The most important thing is having a CUDA-compatible hardware. Most of current graphics cards coming from NVIDIA (R) are programmable using the CUDA language. In the referred paper you can find an example of algorithm acceleration using multicore GPUs. There are lots of samples at internet for programming CUDA cards in order to exploit the inherent parallelism of some algorithms / functions.
Article Efficient tool path computation using multi-core GPUs
The first very important thing is to have your graphics card (best from nVidia). The simplest solution is to use geforce card (the same that we use in games) or a more efficient Tesla cards (see links below). Another important thing is to have a proper:
motherboard - you mast remember that in better graphic card Supplementary Power Connectors need 2x 6-pins and the Bus Support - PCI Express 3.0. If you want to add more cards you have on board an adequate number of PCI slots.

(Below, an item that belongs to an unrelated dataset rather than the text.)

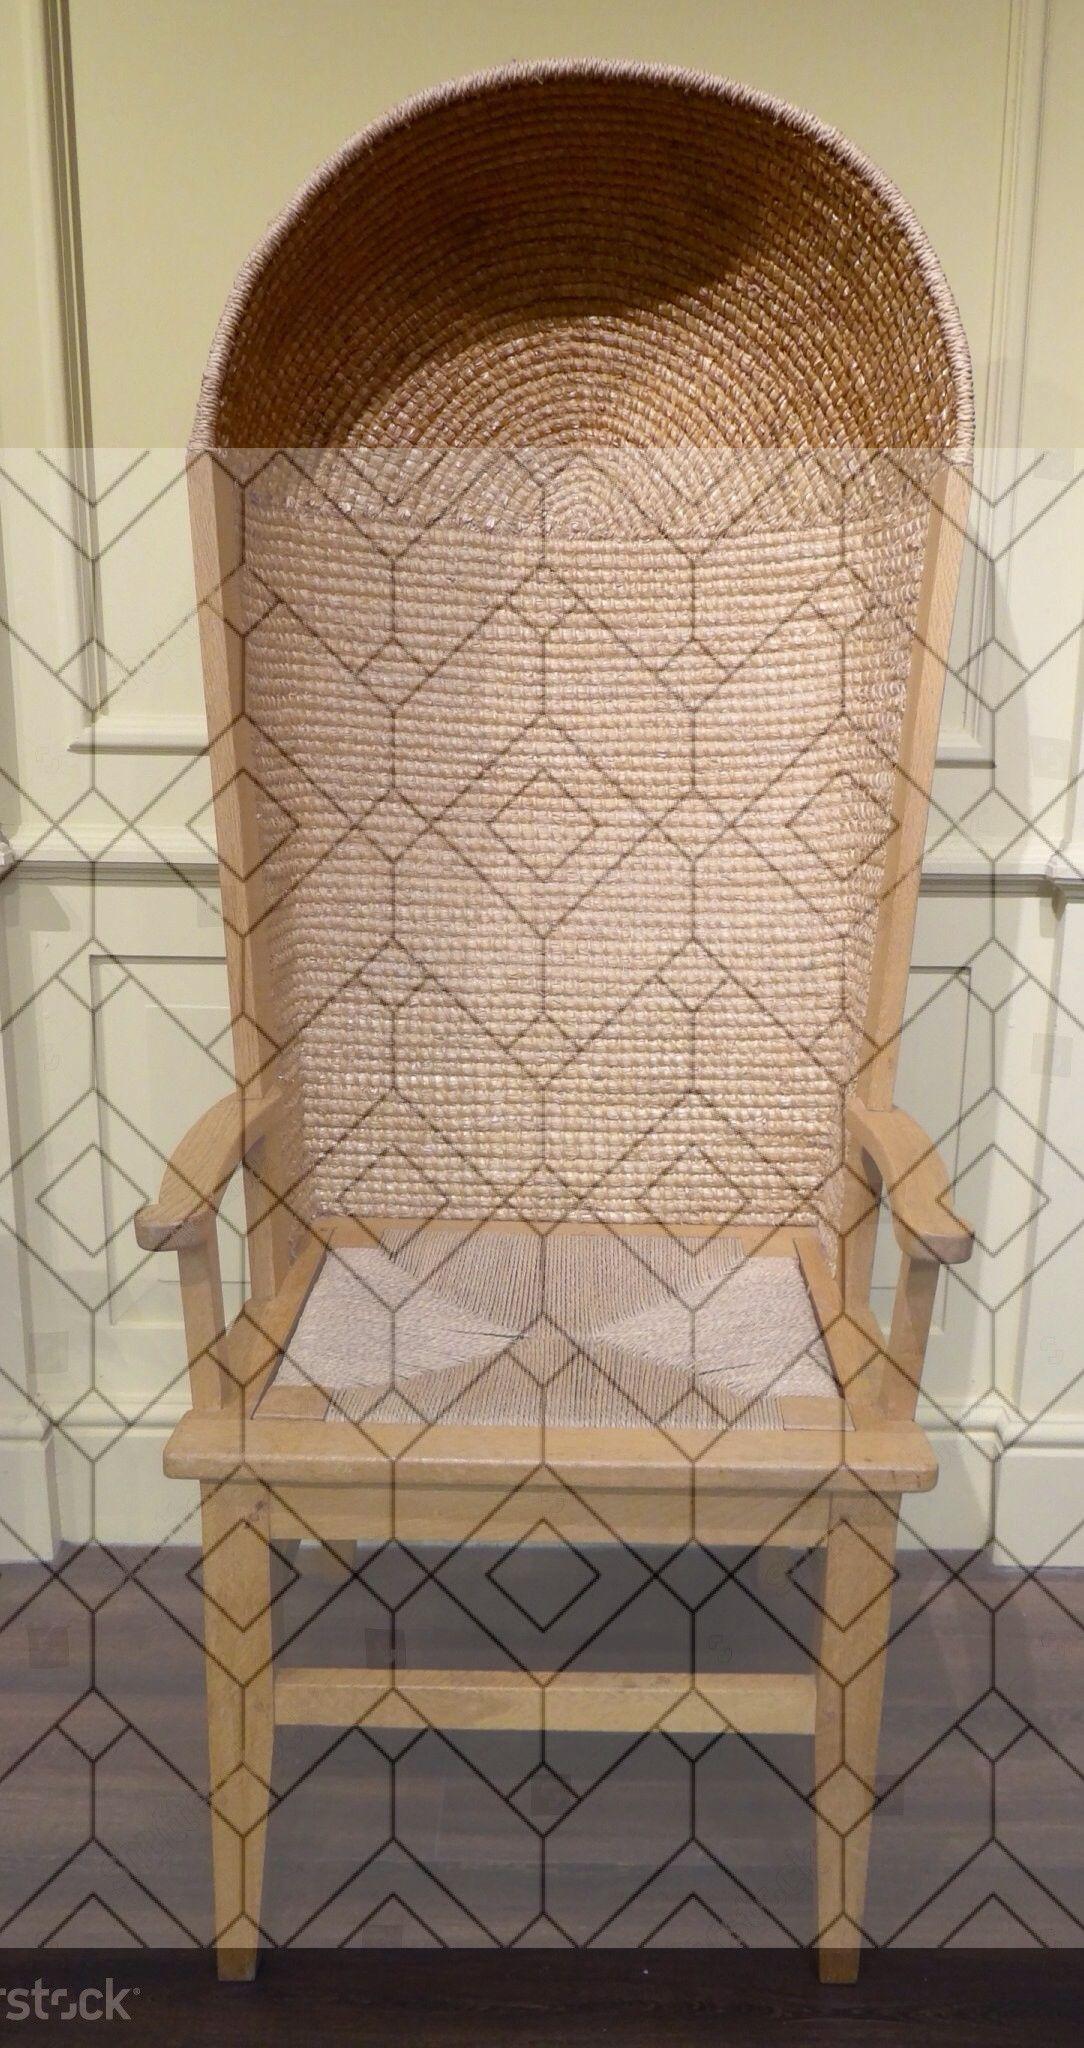 10+ Awe-Inspiring Fabric Canopy Flower Ideas | Door Canopy | Canopy

power supply - The power supply should have sufficient power to easily handle the PC and installed graphics card . In the specification of each card you can find such information. In the computer which I use I have 1000W Power Supply (2X GTX graphic card - see picture below).
PC housing - When performing calculations using graphics cards is growing rapidly the temperature. It is therefore necessary to choose housing that will provide good cooling. In the computer which I use equipped with two GTX 680 cards I use housing Master HAF XM Cooler (see link below), which provides a very good cooling of all components.
If you already have a PC you can have the following software configurations:
You can use one of the following programming language: Open CL (OpenCL programs from C, C++, Fortran, or Python.), CUDA (CUDA programs from C, C++ or Python),
You can use software engineering that support calculations with use of the graphics cards (matlab, mathematica).
Both the first and the second option can be used on the operating system Windows or Linux. Easier configuration is using Windows but stable work done under Linux.
You just need a computer with a CUDA compatible GPU (see below), then of course install the drivers and software for your OS. Power required from your computer depends on the GPU, so you need to check the number of extra connectors that your power supply has (for example, 2x6pin like the GTX 970).
Your question is to general to allow a short or an specific answer. If you find this to long you can contact me.
There are some aspects you are confronted with:
The first and the most important is finances. It will severely limit your expectation horizon and will partly decide over hardare and software options.
For the next aspect. hardware, visit first two wikipedia pages:
- CUDA, and find what "compute capability" is, which is suitable for your application, which Nvidia chip provides it (gt, gk, gm, gp / 1xx, 2xx) and a small list of graphic cards that are based on it
- List of Nvidia graphic cards, where you ill find the complete list of Nvidia graphics cards and look in the lasts columns at processing power (Tflop single AND double precision), power consumption (TDP), and eventualy price and remember the first (card) and especially the second (cip) columns.
For learning, writing, debuging. profiling and testing any card will do. The newest generation ("compute capability") the better. Avoid the firsts couple of entry level as crippled or from older generations (Nvidia marketing policy)
If your application(s) need double precision as CFD, MHD, CAD/CAE (there are some that do not as N-body) and you are from the "enthusiast" class look for dual cards. I personally have three gtx295 (old but decent, double precision and extremely cheap on the second hand market) and looking for a gtx Titan Z (not X. crippled DP), the only professional card which arrived on the consumer maket (NVIDIA mistake?)
As for platform you have Intel (expensive) or AMD (cheaper). Look for a motherboard ith as many accesories and features you can find. You will never know when you will need them.
Be shure to have: as maany processor cores as CUDA cips plus one for the integrated video wwhich drives your display (you may dispense of it but there is no place here).
Be shure to have at least the amount of memory the nividia cards have combined (it is I/O mirrored) plus the memory required for the operating system and the softare applications in use (3-5GB)
As for the PSU you may find some "Online PSU calculator" on the web. Start with about (a reliable) 350W and add the videos. I personally use a 300W Fortron PSP Boster (slides into a CDROM slot) for each 300W hungry gtx295 so they can easely migrate and the PSU takes care of the motherboard only
The last aspect is software begining with the operating system: Windos(which gen)/Linux(wich distro). Prefer mature against new. Next comes the "CUDA Toolkit" and its exhaustive documentation (a must to read). Be aware that new toolkits deprecatred old hardare. And last your specific software: Matlab/octave. IDL/ gdl, python/python (hihi) but these are purpose specific and only you know.